Posted to Thread #10448 at 9:59 pm on Apr 20, 2008

Geisha Salmon Rolls Makes 20 rolls

Preparation time 20 minutes
Refrigeration Time 4 hours

1/2 (8 oz) 227 g pkg spreadable cream cheese
2 tbsp (30 mL) chopped chives
1/2 very ripe avocado, peeled
2 tsp (10 mL) lime juice
150 g pkg wild smoked salmon, about 12 slices
2 tbs (30 mL) sesame seeds (optional)
rice chips, rice crackers or thin cucumber slices (optional)

1.In a bowl, stir cream cheese with chives. Add avocado and lime juice. Using a fork, mash until mixed. Lay a large sheet of plastic wrap on counter. Arrange 6 salmon slices in centre, overlapping slightly, to form a rectangle. Spread half of avocado mixture over salmon almost to edges.

2.Starting from long edge, gently roll salmon, lifting plastic to help form a log. Don't wrap plastic into roll. Sprinkle with half of sesame seeds, rolling to coat. Wrap in plastic. Twist ends to tighten roll.
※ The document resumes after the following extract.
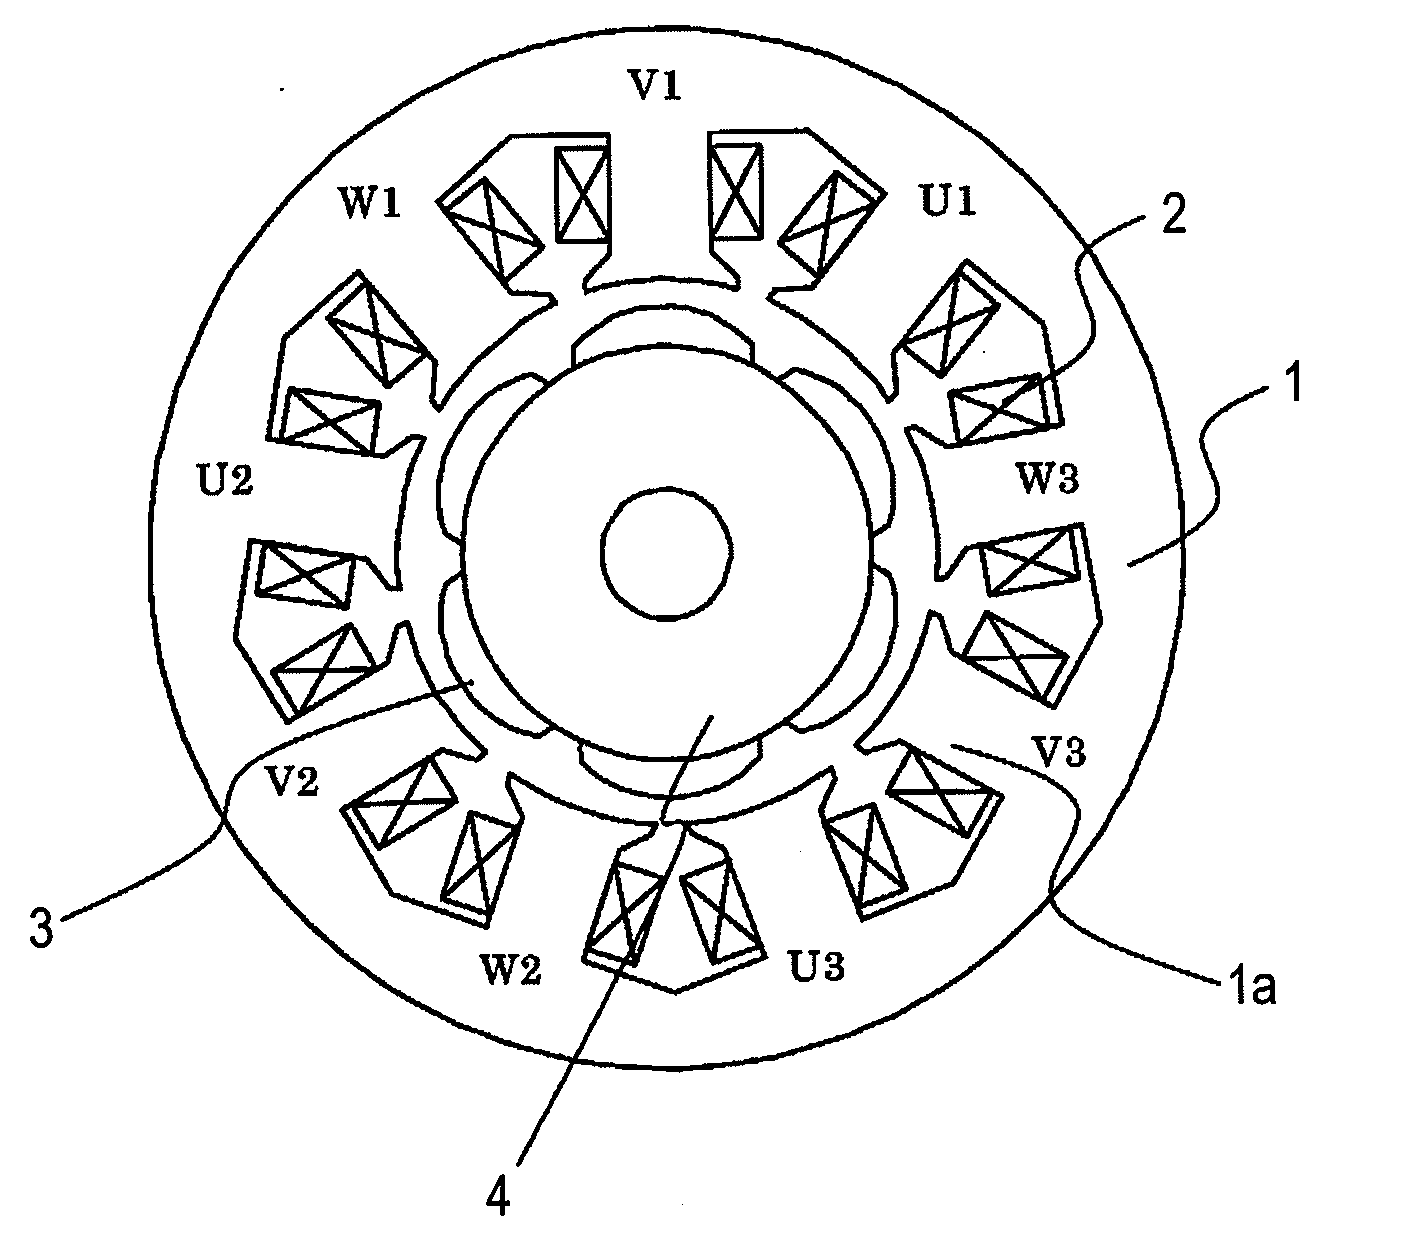 Permanent-magnetic type rotary electric machine

Repeat with more plastic wrap and remaining ingredients. Refrigerate until firm, 4 hours or overnight. With a sharp knife, gently slice into thick rounds. Serve on rice chips.

Nutrients per 2 rolls
3.8 g protein
6.1 g fat
1.2 g carbohydrates
0.5 g fibre
0.4 mg iron
12 mg calcium
152 mg sodium
74 calories

First published in Chatelaine's 03/2006 issue. Rogers Media Publishing Inc.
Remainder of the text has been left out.